# SSL_HANDSHAKE_VERSION Spike

TL;DR: A single client sending duplicate pings with huge counts of SSL_HANDSHAKE_VERSION caused this spike.

[See the prior work here](https://github.com/ekr/telemetry-repro/pull/1), where I determined that the number of Measurements of SSL_HANDSHAKE_VERSION starting on 20170308 for Beta 49 increased by more than more than 3 orders of magnitude.

The associated ping count only increased by ~50%. This indicated that the problem was not just ping volume, but mostly histogram counts within the pings.
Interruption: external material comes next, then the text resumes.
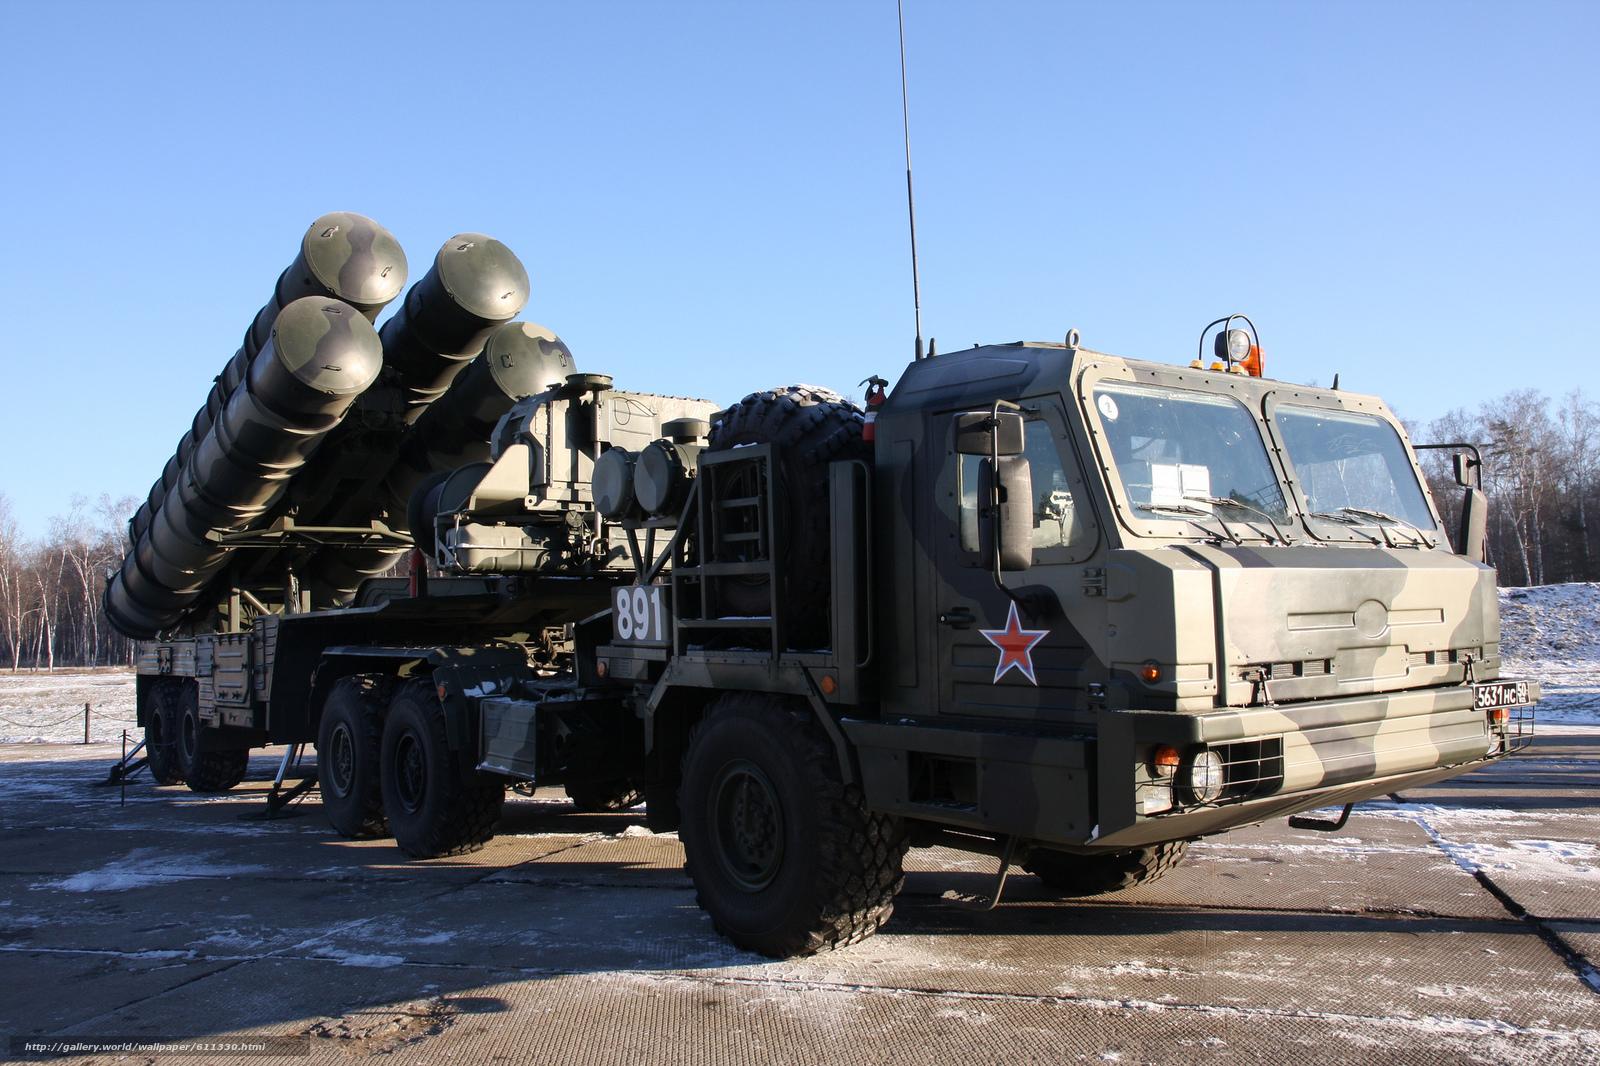 Скачать на телефон обои фото картинку на тему армия, россия, пво, ракетная установка, зрс, с-400, триумф, оружие, оборона, разширение 2048x1365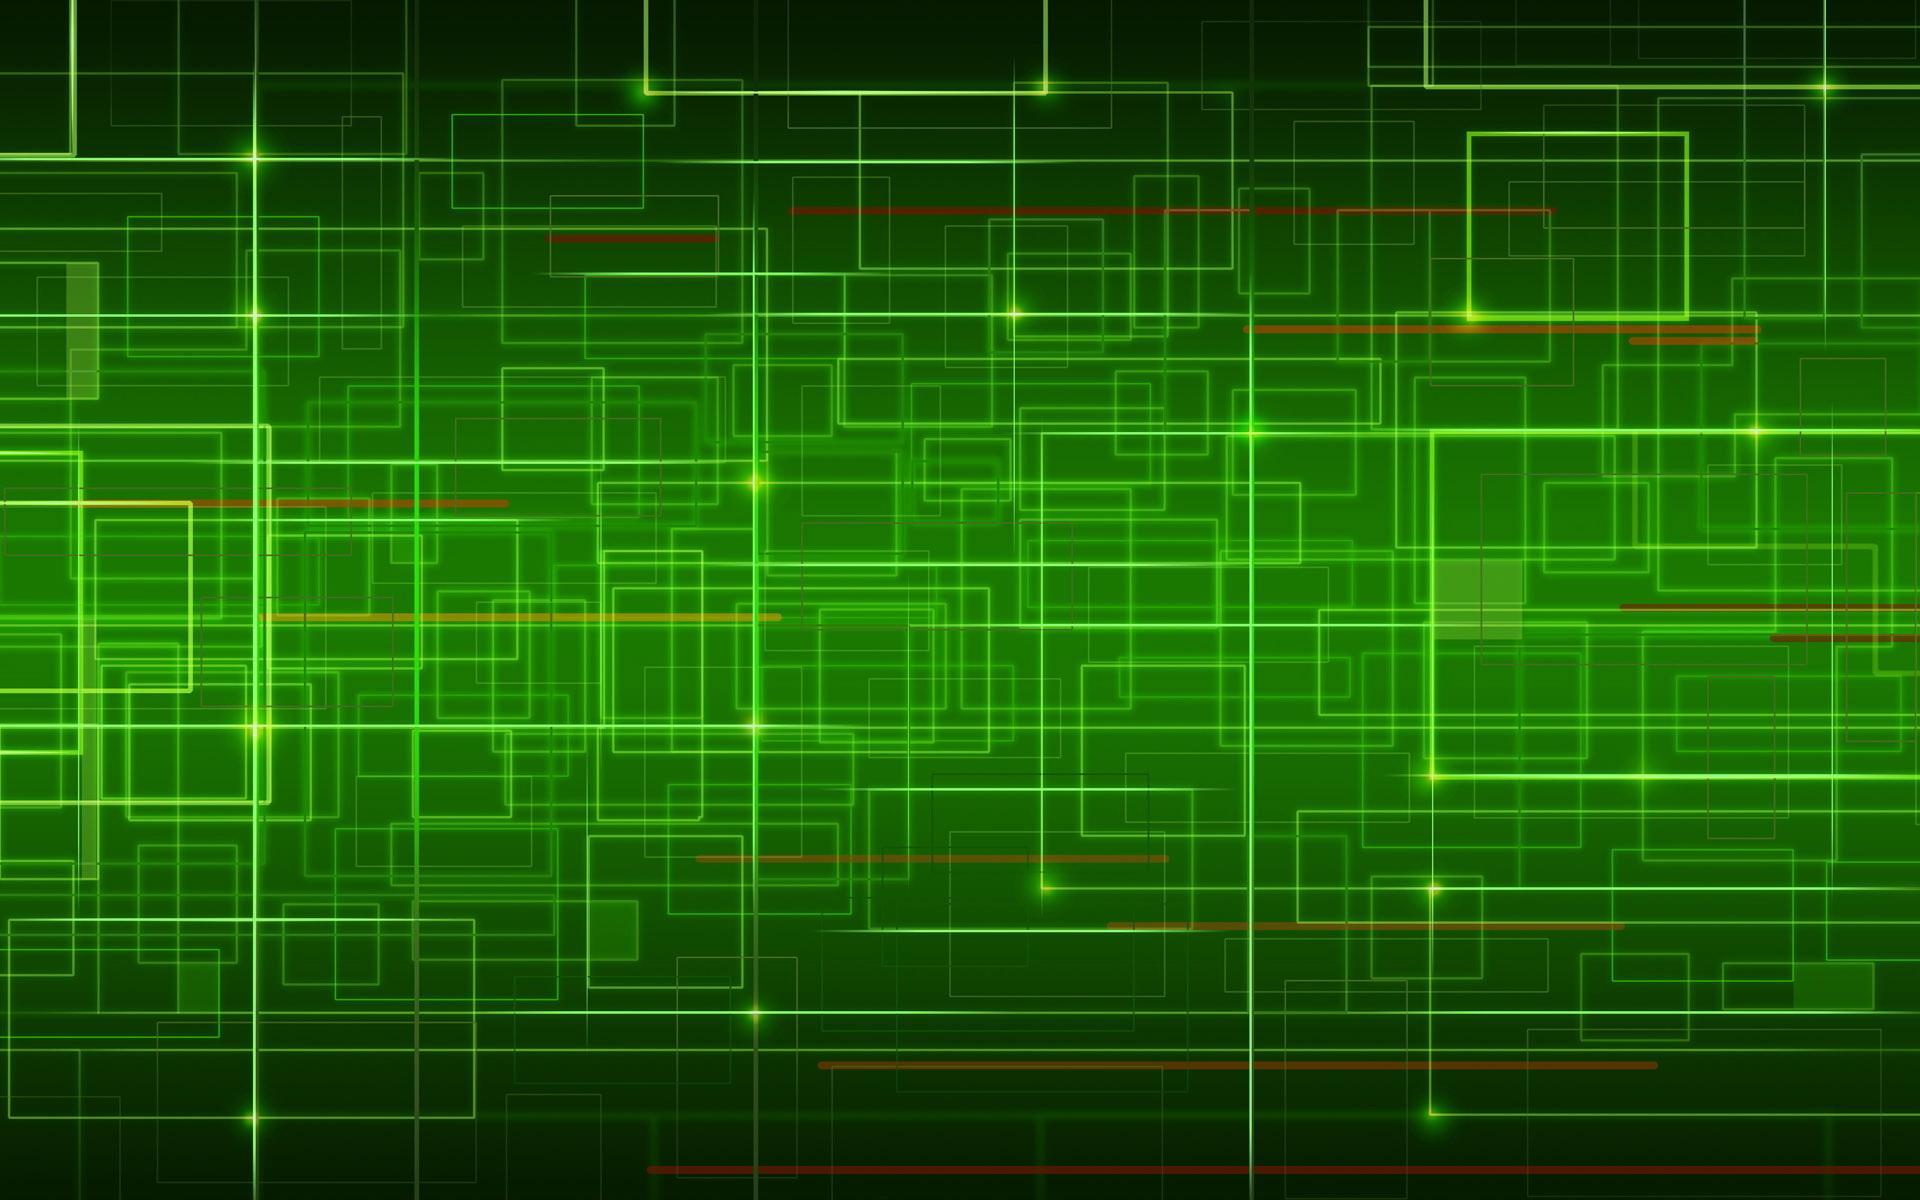 Абстракция зеленый фон линии обои

## Looking at 20170312 - the worst day

To find these offenders we'll look at the day with the highest count - $587 * 10^3$ pings but $113 * 10^9$ SSL_HANDSHAKE_VERSION measurements.

In [None]:
from moztelemetry.dataset import Dataset
from moztelemetry.spark import get_pings_properties

from datetime import datetime, timedelta
import pandas as pd
import numpy as np

In [None]:
pings = Dataset \
.from_source('telemetry') \
.where (
    appUpdateChannel = 'beta',
    appVersion = lambda x: x.startswith('49'),
    submissionDate = '20170312'
).records(sc)

In [None]:
def get_shv(ping):
    return ping.get('payload', {}).get('histograms', {}).get('SSL_HANDSHAKE_VERSION', {})

per_client = \
pings.map(
    lambda x: 
        (x.get('clientId'),
         get_shv(x))
).filter(
    lambda x: x[0] and x[1]
).map(
    lambda x: (x[0], {'sum': x[1]['sum'], 'count': sum(x[1]['values'].values())})
).reduceByKey(
    lambda x, y: {k: x[k] + y[k] for k in x}
)

#How many clients?
"Total Clients for Beta 49 on 20170312: {}".format(per_client.count())

In [None]:
#How bad is the worst offender?: > 100B Measurements
res = per_client.collect()

print "Max Count: {}".format(max(res, key = lambda x: x[1]['count'])[1])
print "Max Sum: {}".format(max(res, key = lambda x: x[1]['sum'])[1])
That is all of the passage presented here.